Merate, il Mandic rischia la chiusura

Pochi accessi per le emergenze e sempre meno bimbi nati

L'ospedale Mandic

L'ospedale Mandic

Merate (Lecco), 16 gennaio 2019 - Pochi accessi in Pronto soccorso e pochi bimbi in Ostetricia. Oltre all’apertura notturna del reparto di emergenza e urgenza del San Leopoldo Mandic è a rischio anche il futuro del punto nascita del nosocomio brianzolo, con quanto ne conseguirebbe per la sorte dell’intero ospedale di Merate. In entrambi i casi non si tratta di una certezza, ma di una eventualità che nel giro di breve potrebbe trasformarsi in una scelta obbligata dettata dai numeri. A mettere le mani avanti è il neo direttore generale dell’Asst provinciale Paolo Favini, a cui il presidio meratese fa capo. Il diggì, interpretando le nuove «Regole di gestione del servizio sociosanitario 2019» - secondo cui le strutture di Pronto soccorso con meno di 100 pazienti al dì, come nel caso di quello del San Leopoldo Mandic, devono avere attive di minima equipe dedicate all’attività con la sola copertura diurna - spiega: «Si tratta di indicazioni sugli standard minimi, noi al momento stiamo garantendo e vogliamo continuare a garantire di più». Aggiunge però che «non si riescono a trovare medici dedicati, poiché tutti quelli che vengono reclutati quando sanno che dovrebbero lavorare a Merate scappano, bisognerà trarne le conclusioni».
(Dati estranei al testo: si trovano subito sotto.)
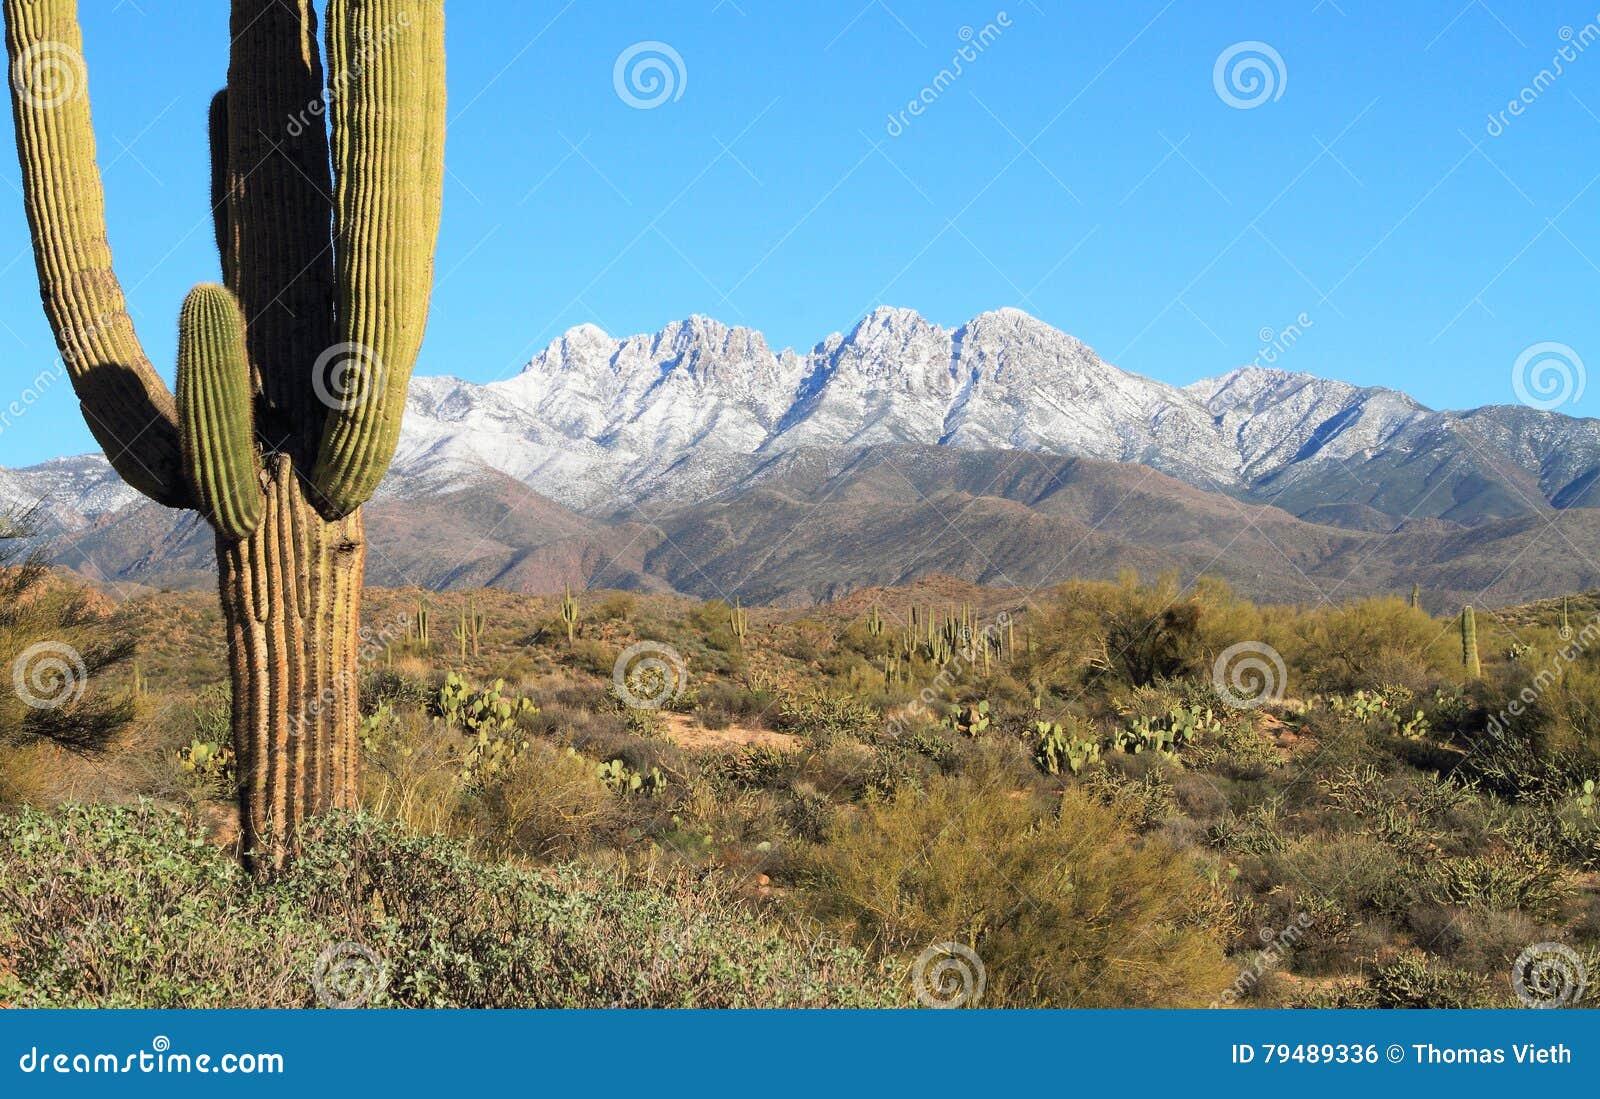 Les Etats-Unis, Arizona : Neigez sur quatre crêtes/hiver dans le désert de Sonoran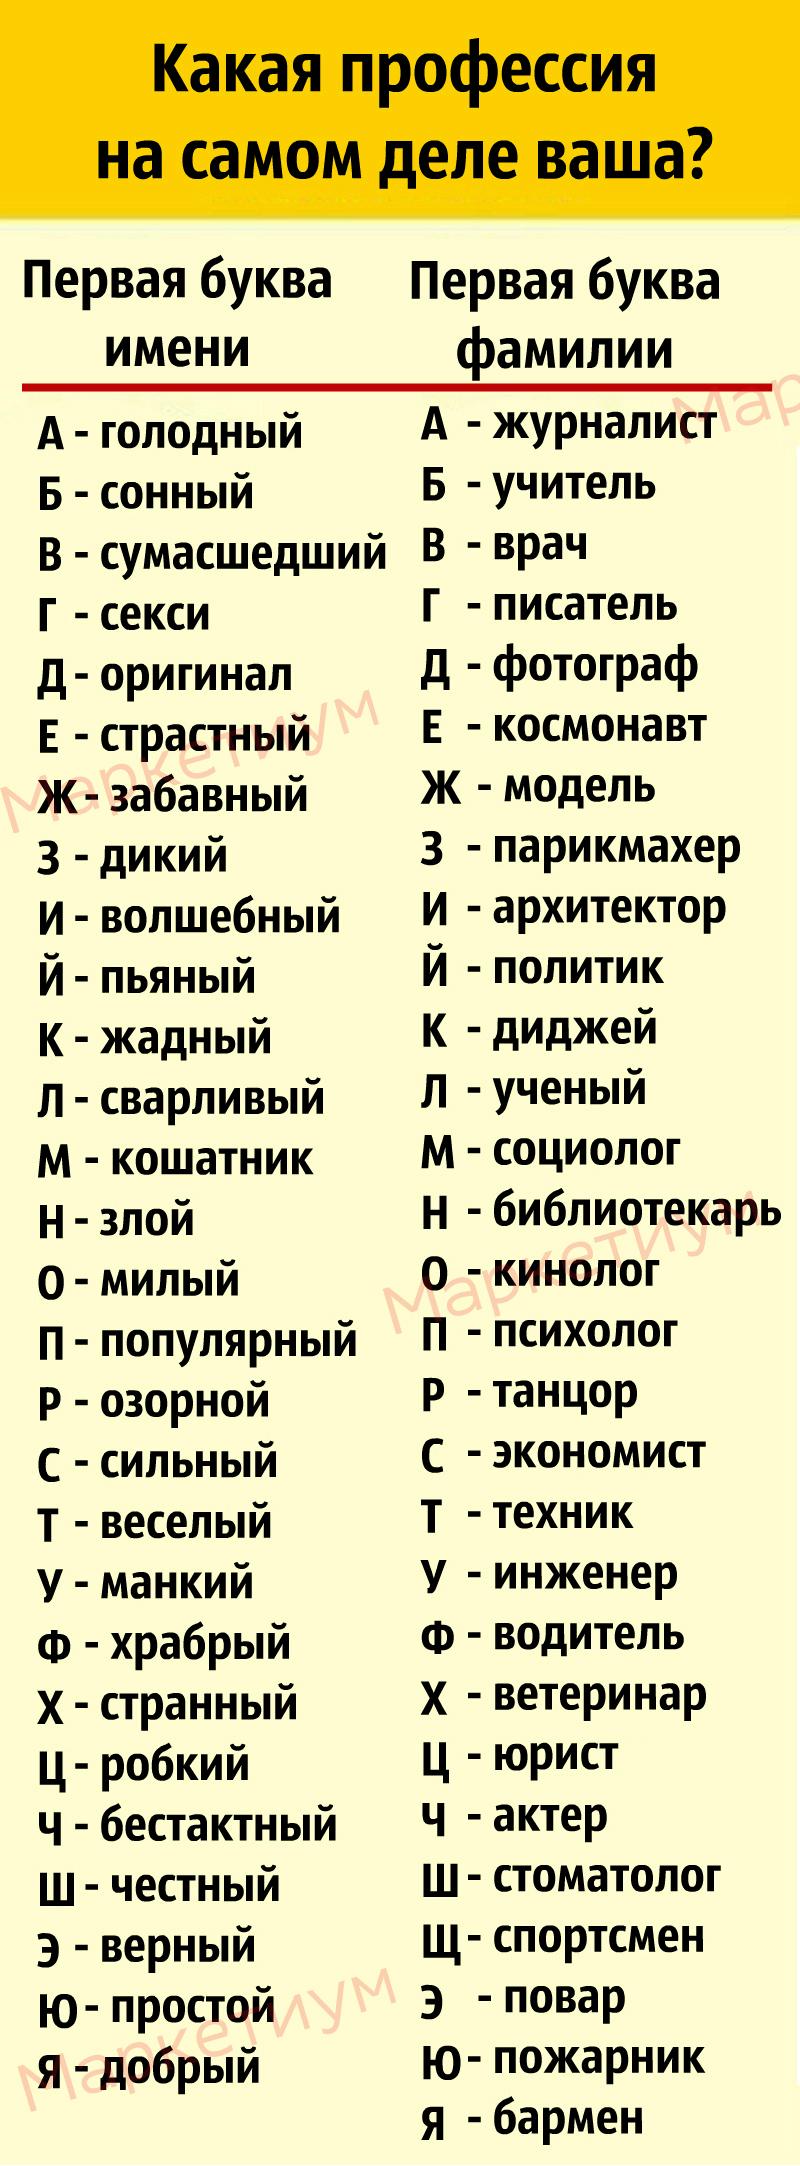 Найдите первые буквы ваших имени и фамилии и узнайте, кем вам суждено стать

E ancora: «In zona ci sono altri Pronto soccorso a nemmeno un quarto d’ora di strada». Come ad esempio quello di Vimercate. Sull’Ostetricia, dove nel 2018 nati 637 bimbi, 126 e il 17% in meno dei 763 del 2017, il manager della sanità locale non avrebbe invece alcun margine di manovra per salvare la situazione: «Sotto i 500 parti i punti nascita non possono restare aperti. Non si tratta di un’indicazione minima, come per i 100 pazienti dei Pronto soccorso, bensì di una prescrizione a cui bisogna ottemperare e basta». Il direttore generale degli ospedali pubblici lecchesi vuole inoltre vederci chiaro sull’eccessivo ricorso ai cesarei, che sono stati 303, quasi la metà dei parti, quando, secondo gli esperti internazionali dell’Oms, dovrebbero essere non più del 15%: «Vorrei discuterne con il primario di Ginecologia e Ostetricia (Gregorio Del Boca nda), ma non lo conosco, l’ho visto solo una volta, non si è mai degnato di incontrarmi». Se Paolo Favini non conferma espressamente le serrate, nemmeno le smentisce insomma, ma spesso le mancate rassicurazioni e il silenzio, compresi quelle dei politici del territorio, esprimono più di qualsiasi parola.